Liam próbował na wszystkie sposoby przekonać panią Vanessę, że
wspólna kolacja nie jest dobrym pomysłem. Po pierwsze, Chantelle
była jego pacjentką, a to przekroczyłoby pewną granicę, którą
zawsze sobie wyznaczał, a po drugie – ona go po prostu nie
znosiła. Wiedział, że nie żywiła uczuć do nikogo, nawet z
rodziny, ale po wielu latach nauki widział, że podchodzi do jego
osoby szczególnie negatywnie.
- Bzdura. Chantelle się zgodziła, a ty w zasadzie jesteś już po
pracy, więc nie widzę żadnych przeciwwskazań – zapewniła go,
a on zamarł.
- Chantelle.. co zrobiła? - spytał, aby upewnić się, że dobrze
usłyszał.
- Powiedziała, że chce abyś został na kolacji.

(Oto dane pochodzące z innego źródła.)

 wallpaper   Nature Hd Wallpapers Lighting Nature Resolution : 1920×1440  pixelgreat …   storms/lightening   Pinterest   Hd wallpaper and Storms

To coś dziwnego? -
Przerwała na chwilę wyjmowanie warzyw z lodówki i odwróciła się
w jego stronę. Zauważyła, że to nieco go zdziwiło, więc
chciała wiedzieć dlaczego. Każda opinia doświadczonego terapeuty
na temat jej córki była dla niej ważna.
- Po prostu.. - Liam zawahał się, ale ostateczną decyzję podjęła
wibracja telefonu. Przypomniało mu się w ostatnim momencie. -
Umówiłem się z ojcem, że zjemy dziś razem.
Vanessa
na chwilę spochmurniała, ale do głowy przyszedł jej świetny
pomysł.
- W takim razie możesz go zaprosić. Jedzenia starczy dla wszystkich,
o ile oczywiście nie pokrzyżuje to zbytnio waszych planów..

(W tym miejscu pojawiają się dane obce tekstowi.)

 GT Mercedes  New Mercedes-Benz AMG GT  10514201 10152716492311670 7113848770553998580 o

- No cóż, jeśli pani nalega, mogę do niego zadzwonić, ale
naprawdę uważam..
- Świetnie!- wykrzyknęła, przerywając mu wpół zdania. Wyjęła
jeszcze jednego pomidora i główkę sałaty. - W takim razie zaproś
go na osiemnastą, powinnam zdążyć. Możesz poczekać tutaj,
pooglądać telewizję w salonie, albo.. pójść do Chantelle. Nie
jest zbyt rozmowna, ale te twoje sztuczki czasami na nią działają,
więc może tak będzie i tym razem.
Liam
uniósł jeden kącik ust do góry i wyciągnął z kieszeni telefon.
Napisał do ojca krótkiego esemesa z adresem i godziną, nie
tłumacząc zbyt wiele. Kiedy dostał odpowiedź, poczuł się jakby
nagle w żołądku urosła mu kula lodu. Rozejrzał się dyskretnie
dookoła, tak żeby pani Gray nie nabrała podejrzeń. Ta kuchnia..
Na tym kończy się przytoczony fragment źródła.